Costa Rica Maps

Costa Rica Information

The Republic of Costa Rica covers 19,560 sq. miles (50,660 sq. km) with an estimated population (2010 est) of 4,516,220. Laura Chinchilla is a Costa Rican politician and she was sworn in as the first female President of Costa Rica .on May 8, 2010. The government is Democratic Republic.

Costa Rica Currency

The monetary unit in Costa Rica is the colon but the American dollar is widely accepted and used. The Juan Santamaria International Airport is centrally located in San Jose allowing visitors to head in any directions to the many different areas of the country. Costa Rica offers beach goers a variety of riches with more than 1200km (750miles) of shoreline on its Pacific and Caribbean coasts. Both coasts are lined with white and black sand beaches.

Costa Rica Weather

Most regions of Costa Rica have a rainy season from May to November and a dry season from December to April. Annual rainfall averages 100 inches nationwide with some mountainous regions getting as much as 25 feet on exposed eastern slopes. Temperature is more a matter of elevation than location with a mean of around 72 degrees in the Central Valley, 82 degrees on the Atlantic coast and 89 degrees on the Pacific coast Costa Rica is divided by a backbone of volcanoes and mountains which are an extension of the Andes-Sierra Madre chain running along the west side of the Americas.
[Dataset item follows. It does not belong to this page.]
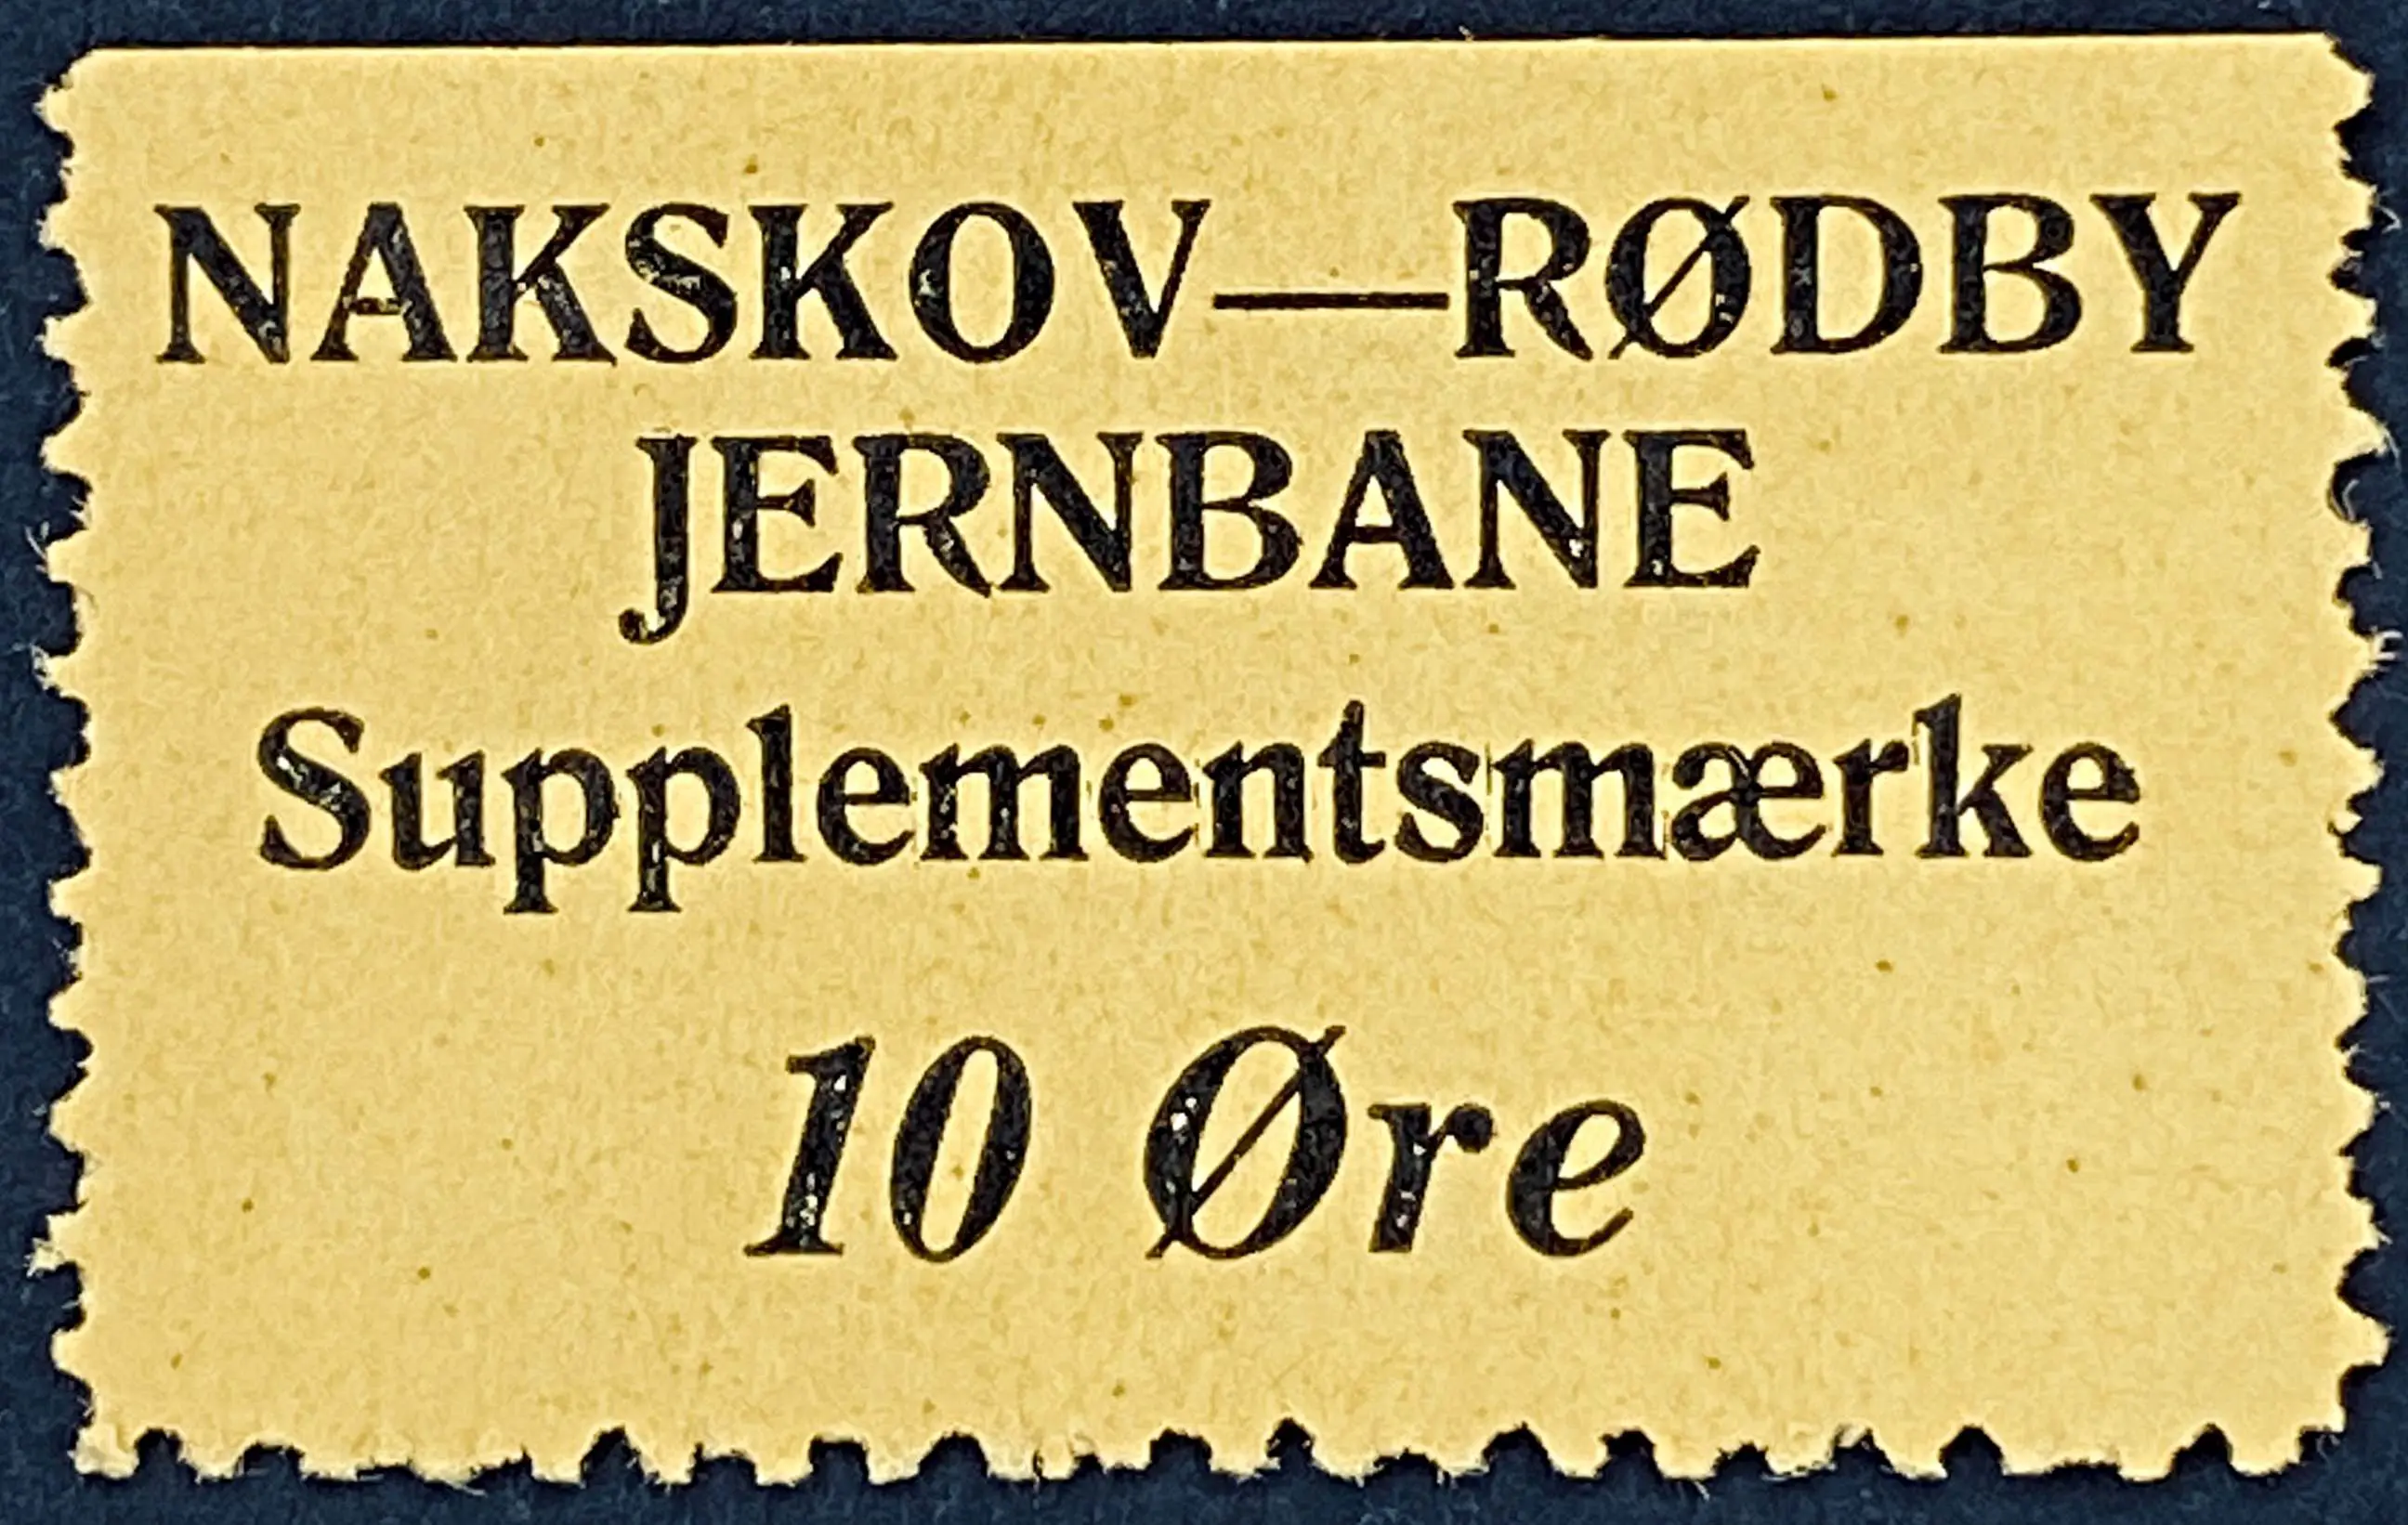 NRJ 18 - 10 Øre - Sort på gult papir.

Costa Rica is part of the Pacific "Rim of Fire" and has seven of the isthmus's 42 active volcanoes plus dozens of dormant or extinct cones. Earth tremors and small quakes shake the country from time to time.

Costa Rica National Parks

In 1970 Costa Rica formed a national park system that has won worldwide admiration. Costa Rican law declared inviolate 10.27 percent of a land once compared to Eden; an additional 17 percent is legally set aside as forest reserves, "buffer zones," wildlife refuges, and Indian reserves. The National Conservation Areas System protects more than 186 areas, including 32 national parks, eight biological reserves, 13 forest reserves, and 51 wildlife refuges. The National parks/reserves of Costa Rica, that are the lure for 90 percent of all visitors to the park system--are Manuel Antonio, with its beautiful beaches; Braulio Carrillo, with its rainforest right beside a highway; Tortuguero, a watery, forested world teeming with wildlife and beauty; Irazú, where on a clear day you can see both the Caribbean and the Pacific; and Poás, where you can peer into a steaming crater and see the earth's crust being rearranged. Besides providing Costa Ricans and foreign travelers with the privilege of admiring and studying the wonders of nature, the national parks and reserves protect the soil and watersheds and harbor an estimated 75 percent of all Costa Rica's species of flora and fauna, including species that have all but disappeared in neighboring countries.